You should really post an intro & put your location in your profile

You should look up what the code book states - you are going to be surprised

Speaking of surprises, look at USG's installation manual - it will help you out big time


----------



## Tim0282 (Dec 11, 2007)

And like most GCs, you can should yourself to death...


----------



## Heritage (Mar 20, 2007)

The building code has min. requirements for spacing, so that would require a spacing dependent on whether it's being applied to the ceiling or the walls.

Code aside, my very best drywall sub floats the ceiling corners by 12". Same philosophy. The Gypsum on the wall props it from underneath, but the 12" float prevents cracking from shifting.

This is especially useful for new construction, where 99% of builders ignore proper care and storage of lumber on the site. Moisture fluctuates dramatically, especially if you are building in the winter and the lumber is constantly soaking up moisture. I've seen it time and time again, where I visit a brand new house and crown mouldings have major differential cracks, nails and screws have popped from drywall, drywall has cracked in the corners. etc.


----------



## sparehair (Nov 21, 2008)

Heritage said:


> The building code has min. requirements for spacing, so that would require a spacing dependent on whether it's being applied to the ceiling or the walls.
> 
> Code aside, my very best drywall sub floats the ceiling corners by 12". Same philosophy.
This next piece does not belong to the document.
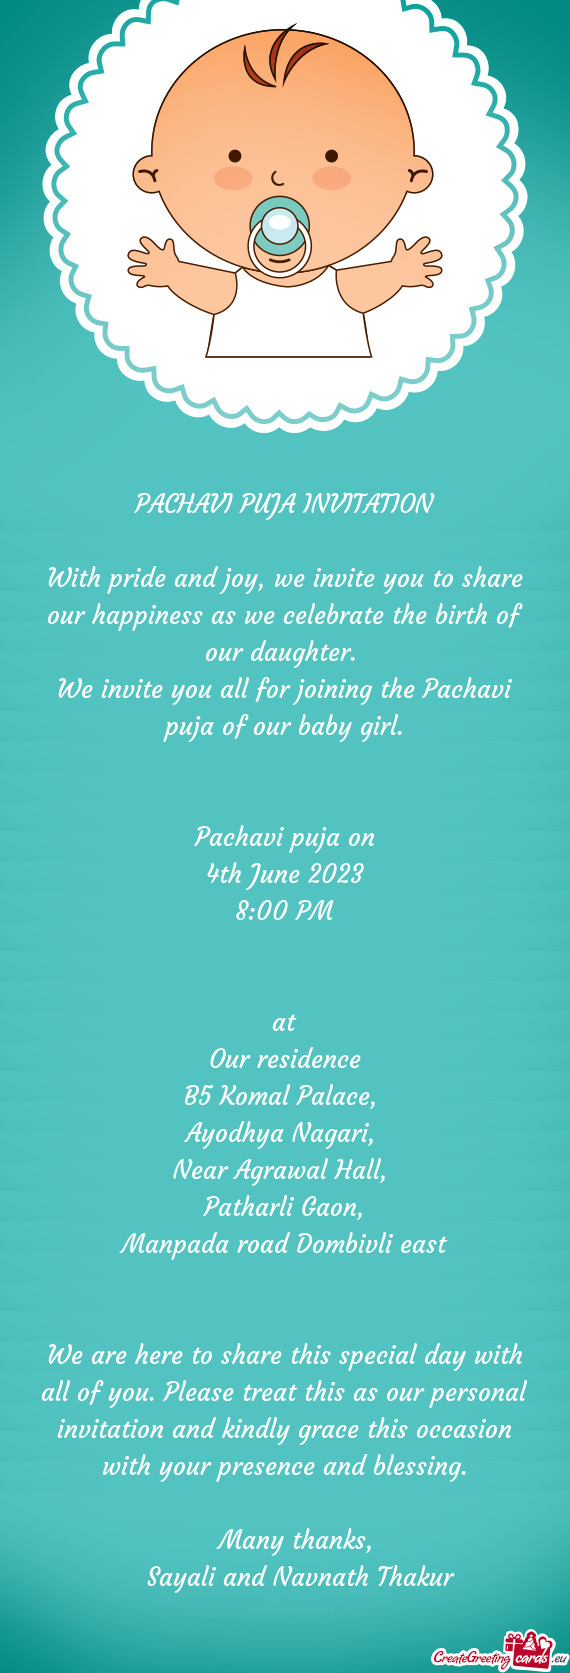 We invite you all for joining the Pachavi puja of our baby girl

The Gypsum on the wall props it from underneath, but the 12" float prevents cracking from shifting.
> 
> This is especially useful for new construction, where 99% of builders ignore proper care and storage of lumber on the site. Moisture fluctuates dramatically, especially if you are building in the winter and the lumber is constantly soaking up moisture. I've seen it time and time again, where I visit a brand new house and crown mouldings have major differential cracks, nails and screws have popped from drywall, drywall has cracked in the corners. etc.


What does float 12" from the ceiling mean? Instead of a full sheet have a twelve inch runner around the room?


----------



## reveivl (May 29, 2005)

sparehair said:


> What does float 12" from the ceiling mean? Instead of a full sheet have a twelve inch runner around the room?


Don't fasten within 12" of the wall.


----------



## simplejack (Jan 15, 2009)

*Huh!?!*

Are we talking taping? I read the post and thought he is reffering to how many screws to put along a "Non-Tapered" joint...


I go every 4" to 6" MAXIMUM on the perimeter and 8" to 10" in the field...
perimeter means Factory _or_ cut edge. (ALWAYS V-cut your "butt joints")


Floating Ceiling Corners out 12" sounds like Taping to me...I'm I off Topic? :blink:


----------